◆ Supplied records
::::

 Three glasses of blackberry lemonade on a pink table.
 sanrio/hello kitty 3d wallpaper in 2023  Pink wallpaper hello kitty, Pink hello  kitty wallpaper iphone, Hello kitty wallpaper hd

::::

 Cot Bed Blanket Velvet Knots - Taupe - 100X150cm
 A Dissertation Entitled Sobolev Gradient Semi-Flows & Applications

::::

Within the listing above, locate the line containing "Three glasses of" and the line containing "sanrio/hello kitty 3d". Reproduce those two lines and all lines between them exactly, with nothing added.

◆ Exercise output
 Three glasses of blackberry lemonade on a pink table.
 sanrio/hello kitty 3d wallpaper in 2023  Pink wallpaper hello kitty, Pink hello  kitty wallpaper iphone, Hello kitty wallpaper hd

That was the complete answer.